Na test przywieziono mi ursusa 11054 z 2014 r wyposażonego w radio oraz ogrzewanie (rewers mechaniczny jeszcze z lewej strony fotela operatora),  z kompletem obciążników na przodzie o wadze 170 kg, którego sprzęgłem z moimi pługami obrotowymi PO4. Głębokość orki ustawiona na 30 cm. Szerokość każdej z odkładnic ustawiona na 36 cm (zabiera całą szerokość ciągnika.)

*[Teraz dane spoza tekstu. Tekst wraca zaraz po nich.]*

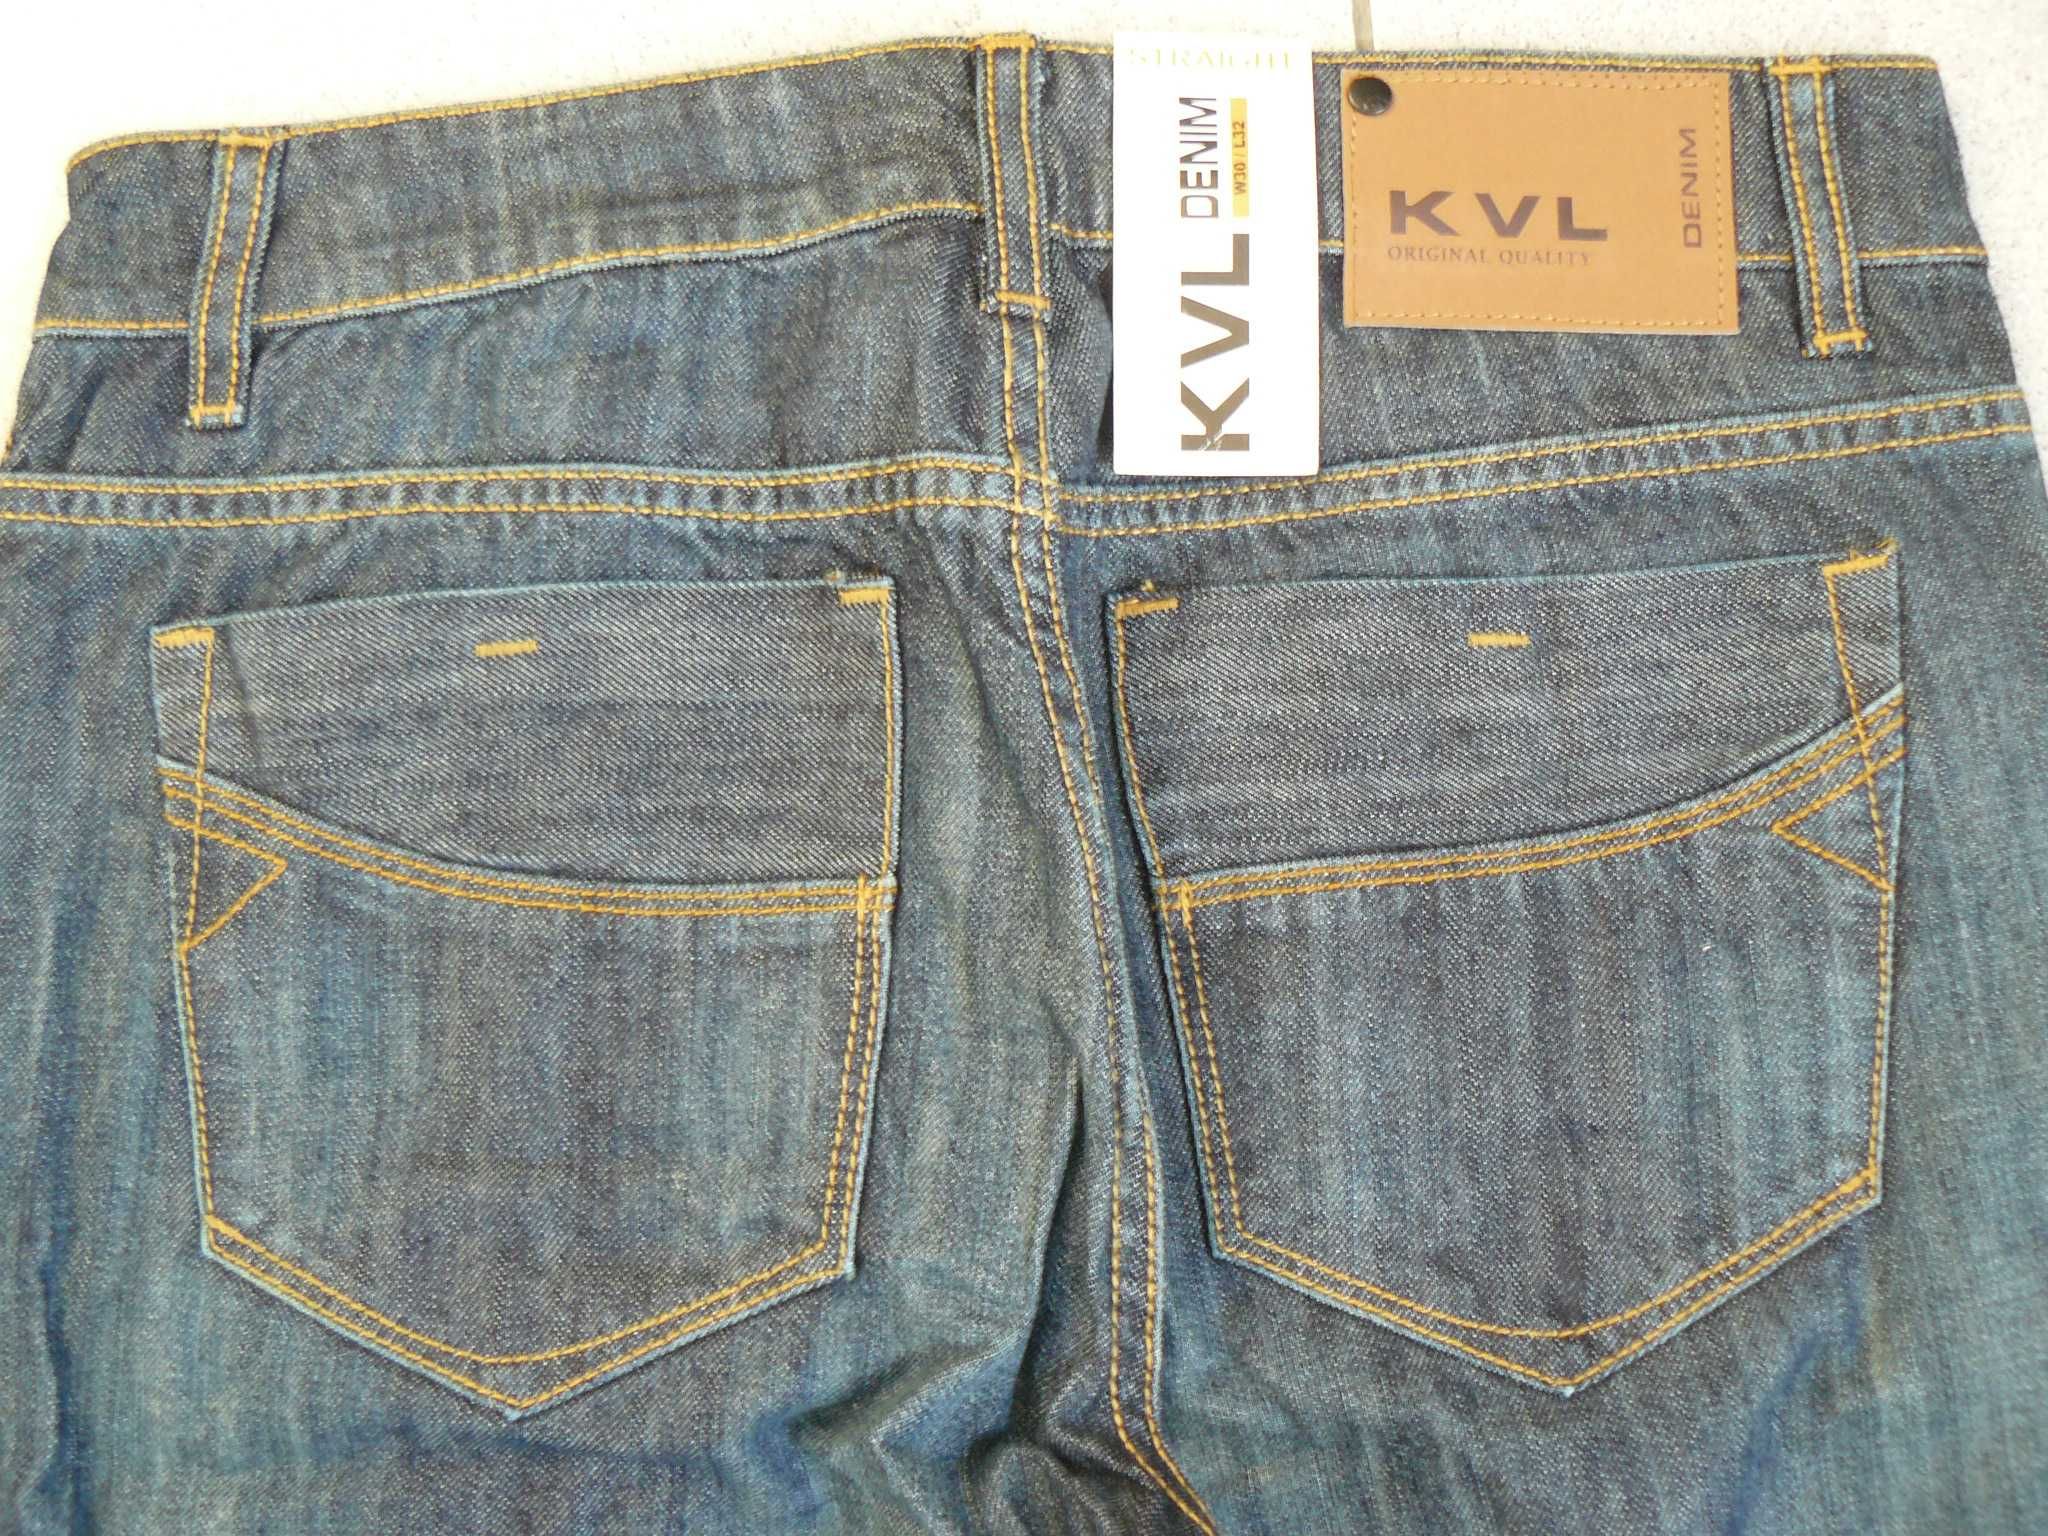 Jeans/Blugi Barbati KENVELO Noi KVL5 Originali,Marime W30/L32, CAC 144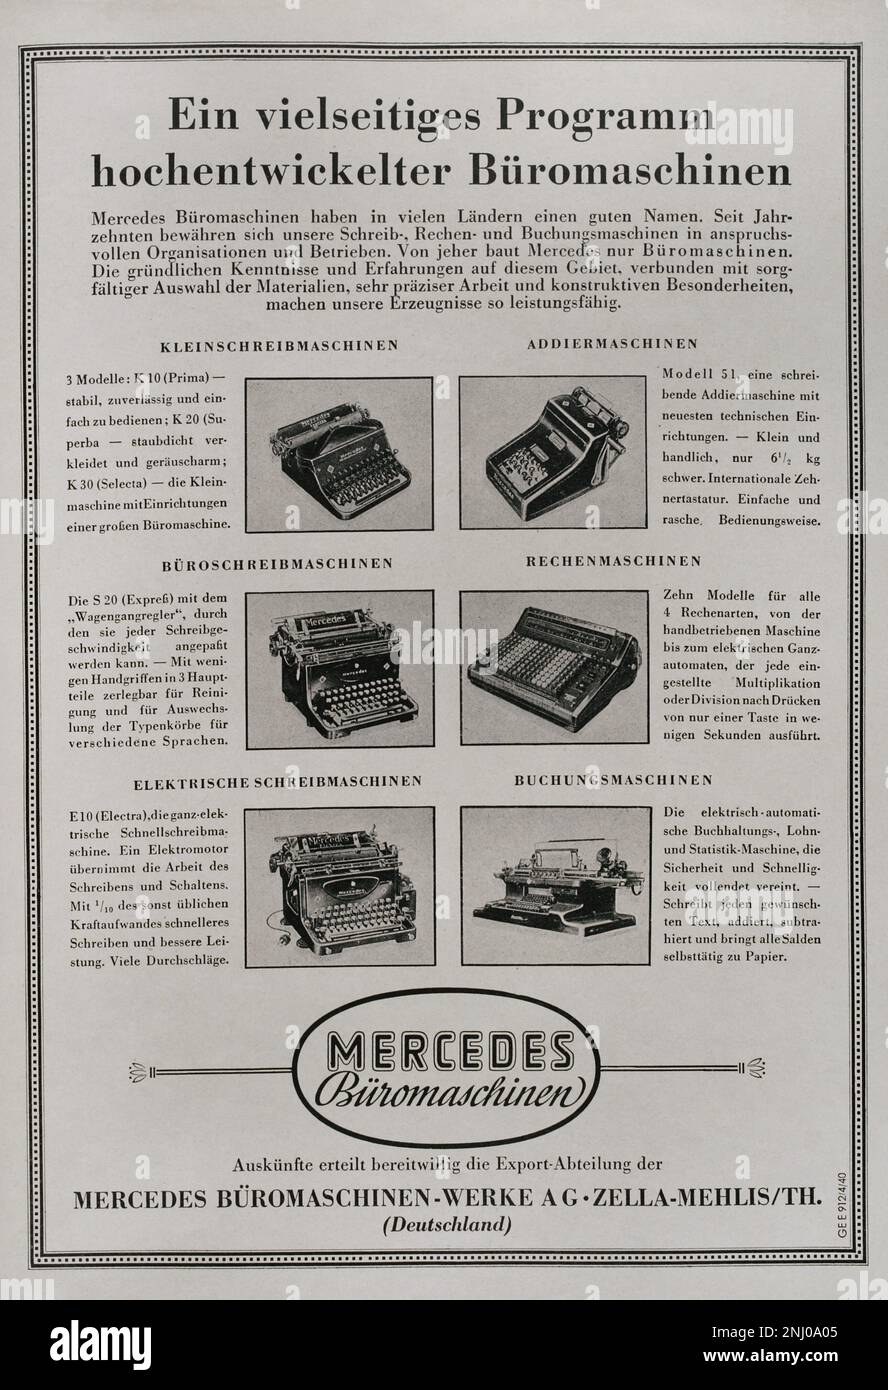 Publicité pour les machines de bureau Mercedes (Mercedes Bureau-Maschinen GmbH) sur l'une des pages intérieures du magazine 'Sigal', numéro 9 (10 août 1940) de l'édition germano-italienne. Ce magazine a été publié entre avril 1940 et avril 1945 et a été le principal organe de propagande de l'armée allemande pendant la Seconde Guerre mondiale. Banque D'Images

Na początku testu orka z prędkością 9,2-9,3 km/h obroty 1800 obr/min jednak pod lekką górkę gdy pojawiała się miejscami glina ciągnik wyraźnie miał co robić - maximum mocy. Po kilku przejazdach dobraliśmy prędkość 8,4-8,5 km/h przy 1800 obr/min i wszystko było ok - lekki zapas mocy.

A teraz przejdźmy do konkretów: orka 1,85 ha zajęła mi 1 godz. 50 min (pole o długości 200 m), spalanie na poziomie 12,5 l  (przed testem zatankowany do pełna i po teście tankowanie do pełna).

Porównując do mojego zetora 10145: dużo lepiej się sprawuje ponieważ zetor z orce max prędkość 7,8- 7,9 km/h na pograniczu mocy czasem jest lekko przeciążony, spalanie na podobnym poziomie może nawet ciut niższe, EHR rewelacja po ustawieniu fajnie kopiuje teren i trzyma głębokość pługa.

Jeżeli chodzi o hydraulikę to w zupełności wystarczająca do obracania pługa nawet na minimalnych obrotach, ponadto bardzo szybko reaguje i podnosi, rozdzielacze również ok. W zamkniętym ciągniku radio dobrze słychać już przy głośności 25.

Jeżeli chodzi o niedociągnięcka które zauważyłem:

- wysprzęglanie niedopracowane (podczas wysprzeglania w początkowej fazie wyraźnie widać że w pierwszej koleności ściskana jest obudowa (zbrojenie) linki sprzęgła a dopiero podem zaczyna się rozłączanie napędu. Pod koniec orki sprzęgło wyraźnie nisko brało - wg mnie powinni zmienić linkę na cięgna i wszystko by było ok. Z informacji uzyskanych od przedstawiciela w nowych ciągnikach zostało to zmienione)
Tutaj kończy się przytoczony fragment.